Taken together, this body of research underlines just how inevitable some degree of disappointment is, in electoral politics as in our personal lives. There’s ample research in the psychology literature that shows just how incorrigibly optimistic and trusting human beings can be, and how vulnerable, as a result, they are to campaign rhetoric like Obama’s in 2008. ”Don’t compare me to the Almighty,” Vice President Joe Biden likes to say, quoting Boston’s former mayor Kevin White, ”compare me to the alternative.” Even when they think they’re doing just that, though, people tend to romanticize the road not taken.

How does one fight disappointment? In our personal lives we can try to keep our expectations realistic, or work to change whatever it is that’s not living up our expectations. But for an incumbent politician in today’s economic and political climate the challenge is greater. For one thing, successfully running for office is almost impossible without getting people’s hopes up.

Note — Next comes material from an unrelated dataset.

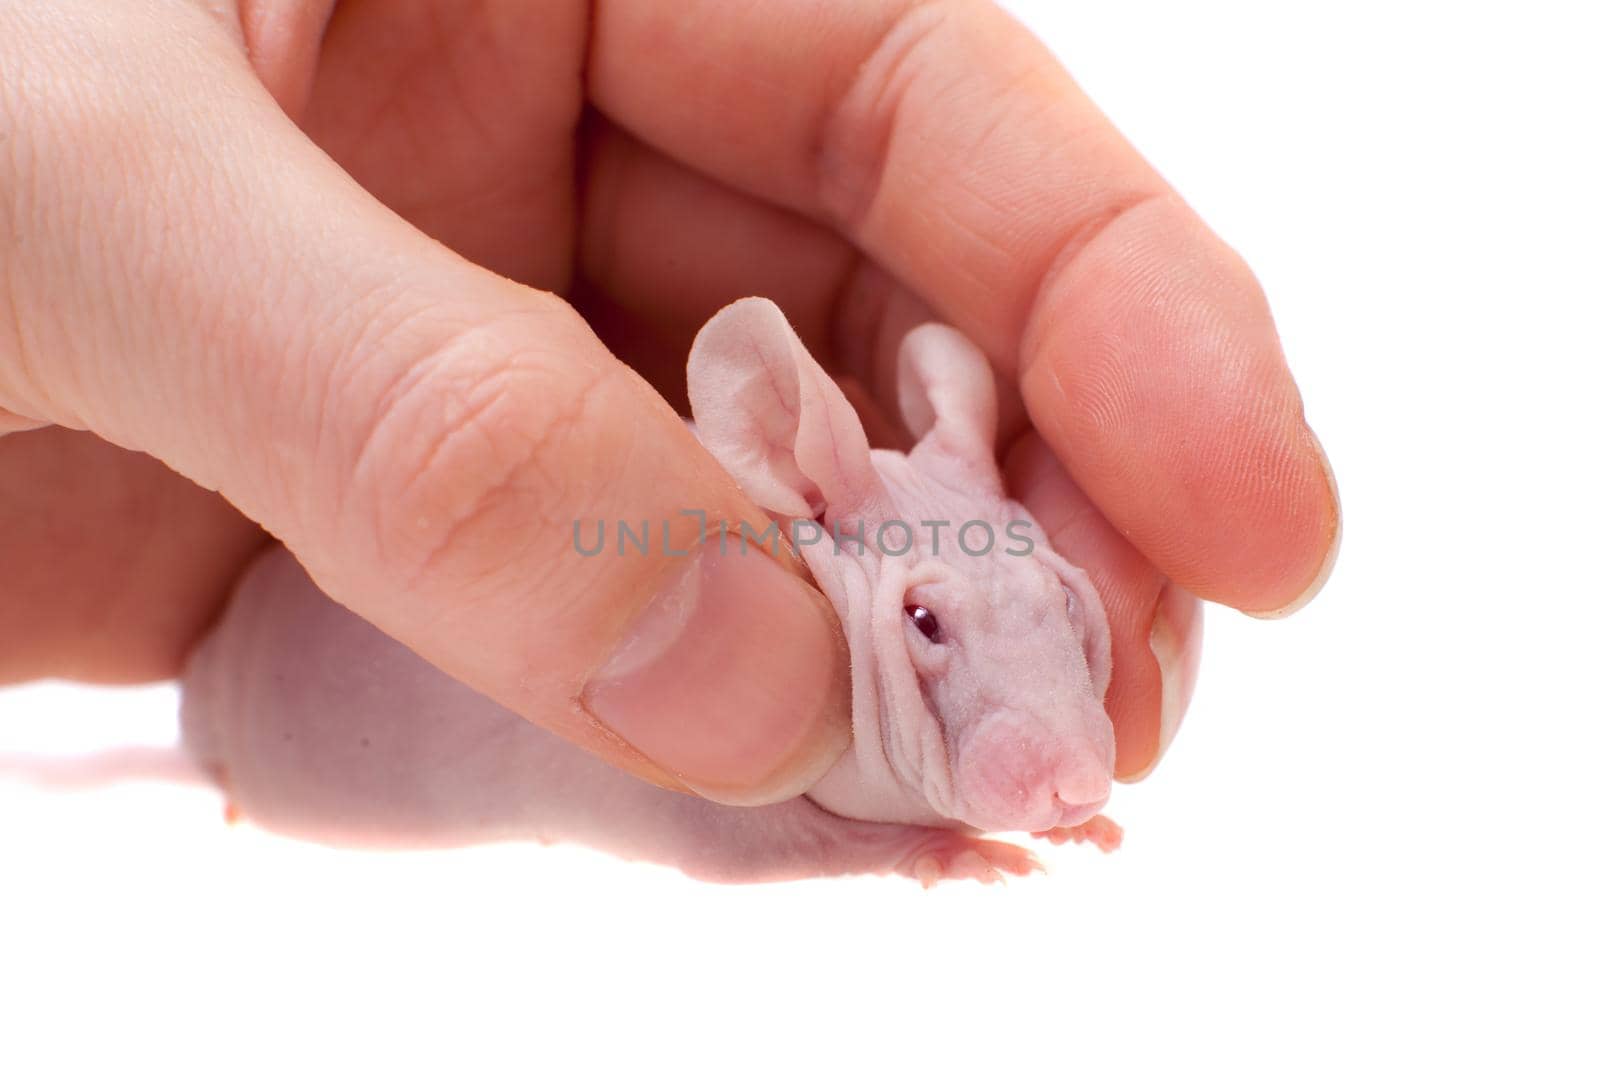 Hairless House mouse, Mus musculus isolated on white background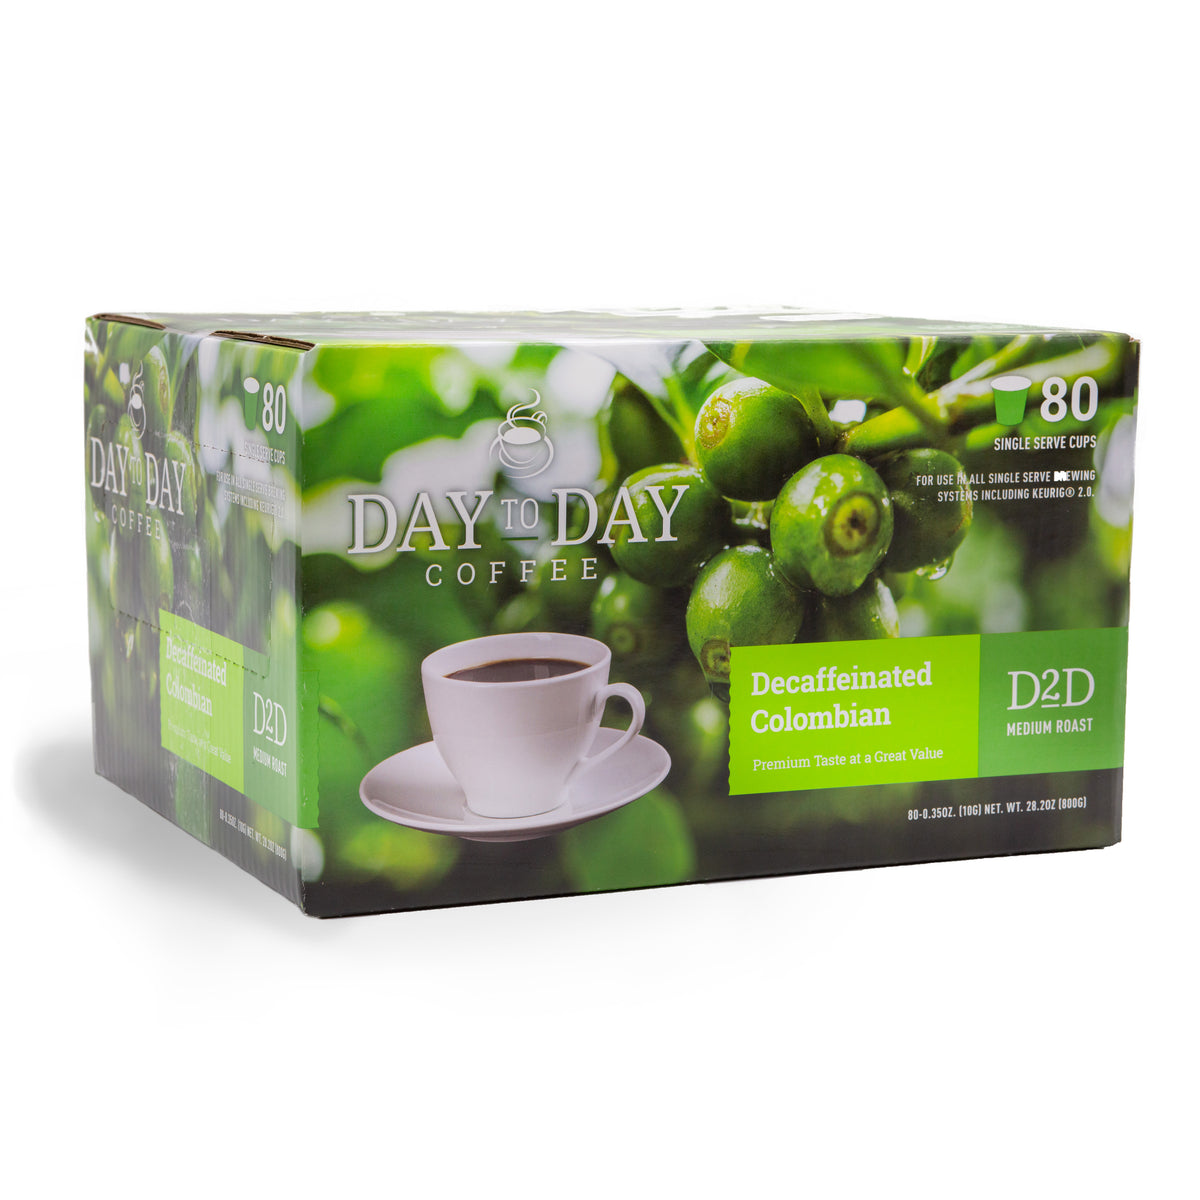 Day to day coffee 80 count decaffeinated colombian light roast coffee pods for single serve coffee brewer

For another, the problems the country faces are enormous, complex, and not going to be solved quickly.

In the meantime, though, it is possible to find in the research literature a few suggestions for how to at least dilute the disappointment of the electorate. Psychologists categorize feelings as either ”approach” emotions like hope--and, interestingly, anger--that impel us toward the object of our emotion, or ”avoidance” motivations like fear or disgust that drive us away. Hope and anger feel very different, but at the most fundamental level, both emotions send us toward the thing that incited them.

According to Markman, disappointment, because it is deflated hope, is essentially an approach emotion, just a very low-energy one. This suggests that the way to motivate disappointed voters isn’t to try to scare them with the specter of conservative control of the country, as many Democratic candidates are doing. The way to reach these people is, somehow, to reinspire them, to give them a vision of the future that gets them into the voting booth again. Jaded as they may have become, the only hope for reaching these voters is hope itself.

”When you’re trying to appeal to the disappointed Democratic base, the messages still have to maintain some sort of approach focus, focusing on what remains to be done, trying to generate enthusiasm for what has been achieved and what can be achieved,” Markman argues.

With little good news to point to, that would be a difficult trick to pull off. And, of course, if raising hopes did work, voters may have still more disappointment looming in their future.

Drake Bennett is the former staff writer for Ideas.